James Holmes

Exclusive Q & A with Drag Race's Pandora Boxx: Part II

Filed By James Holmes | December 03, 2012 4:00 PM | comments

Filed in: Entertainment, Marriage Equality
Tags: Andrew Christian, drag queen racing, drag queens, LGBT Entertainers, LGBT Role Models, Nice Car (Sorry About Your Penis), Pandora Boxx, RuPaul's All Stars, RuPaul's All Stars Drag Race, RuPaul's Drag Race

PandoraBoxx_PhotoCred_Nick_Lovell.jpgLast week I was lucky enough to have a chance to chat with my favorite former RuPaul's Drag Race and All Stars Drag Race contestant, Pandora Boxx. Here is Part II. If you missed Part I, check it out first.

Jim: Okay, enough about Drag Race. I want to move on to some of your history. How did you get into drag?

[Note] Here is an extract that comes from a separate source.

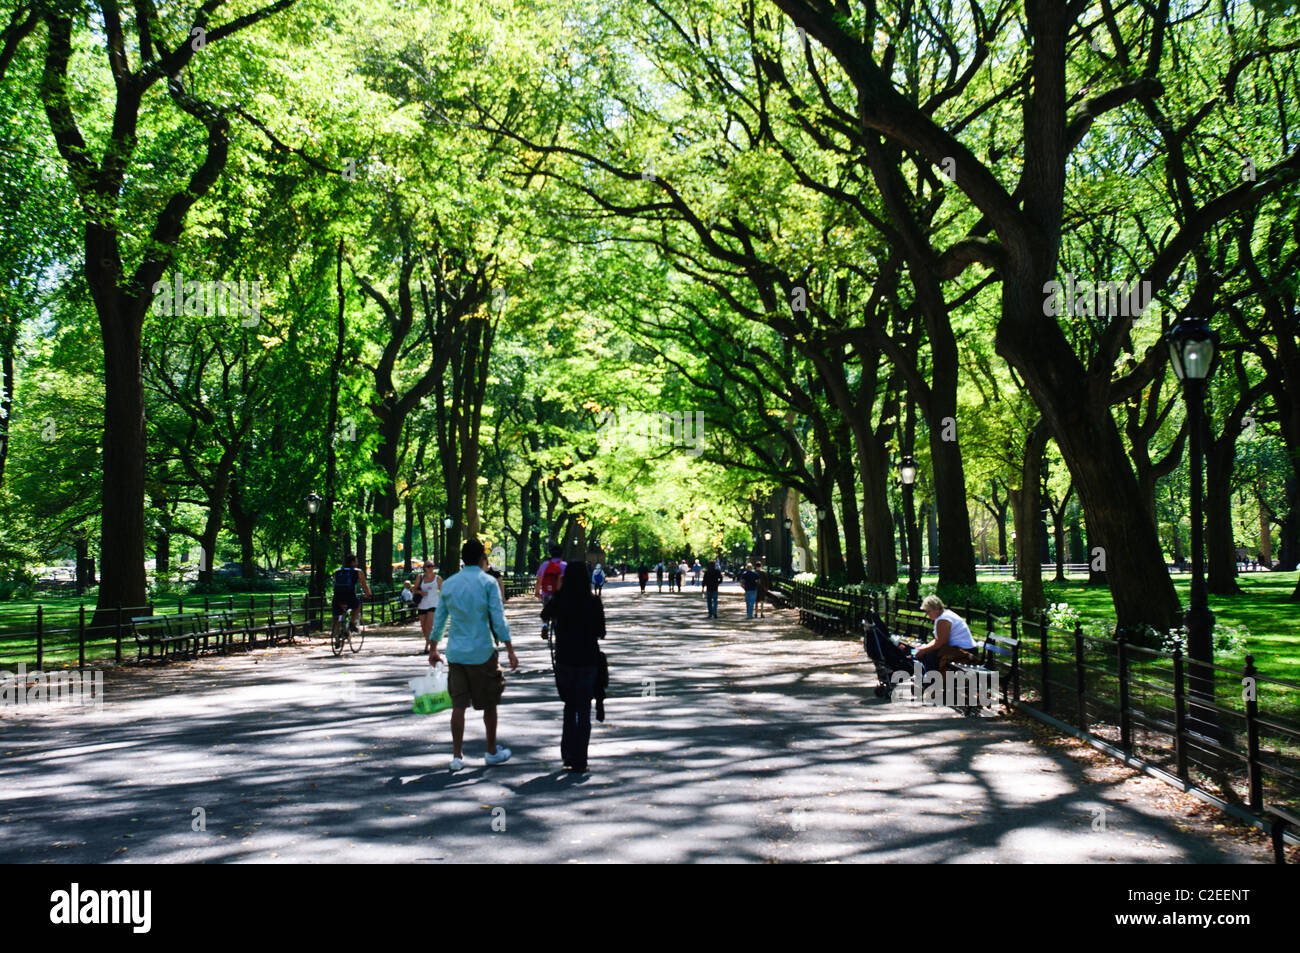 The Mall and Literary Walk with American elm trees forming canopy, pedestrian pathway, Central Park, Manhattan, NYC Stock Photo

Pandora: I've always been into theater my whole life, and then I saw a drag show for the first time - and didn't even know it was something you could do or did. And I was like, "Oh my God. What are these people doing? They are up there lip-syncing to these songs - this is what I do in my bedroom." It thought it was amazing and thought "I wanna do this."

It really was just a hobby almost. We just had so much fun. We would just get into drag and go out to clubs. There wasn't even a show - it's just like Halloween whenever you want.

So I loved it, and it just kinda took off, and I started doing shows more and more and more. It was an unexpected and unplanned career.

Jim: How old were you when you got started?

Pandora: I was 19.

Jim: Were you always Pandora Boxx?

Pandora: I was always Pandora Boxx from the beginning. I think maybe my first performance I might have just been Pandora because I was toying with the idea of having a last name or not - did I want to be like Madonna? I knew I wanted to do Pandora because it has the same number of letter as Madonna and they both end in "a."

(More including a NSFW video after the break)

Jim: Have you seen a shift in drag since you first started? Would you say that it is more mainstream?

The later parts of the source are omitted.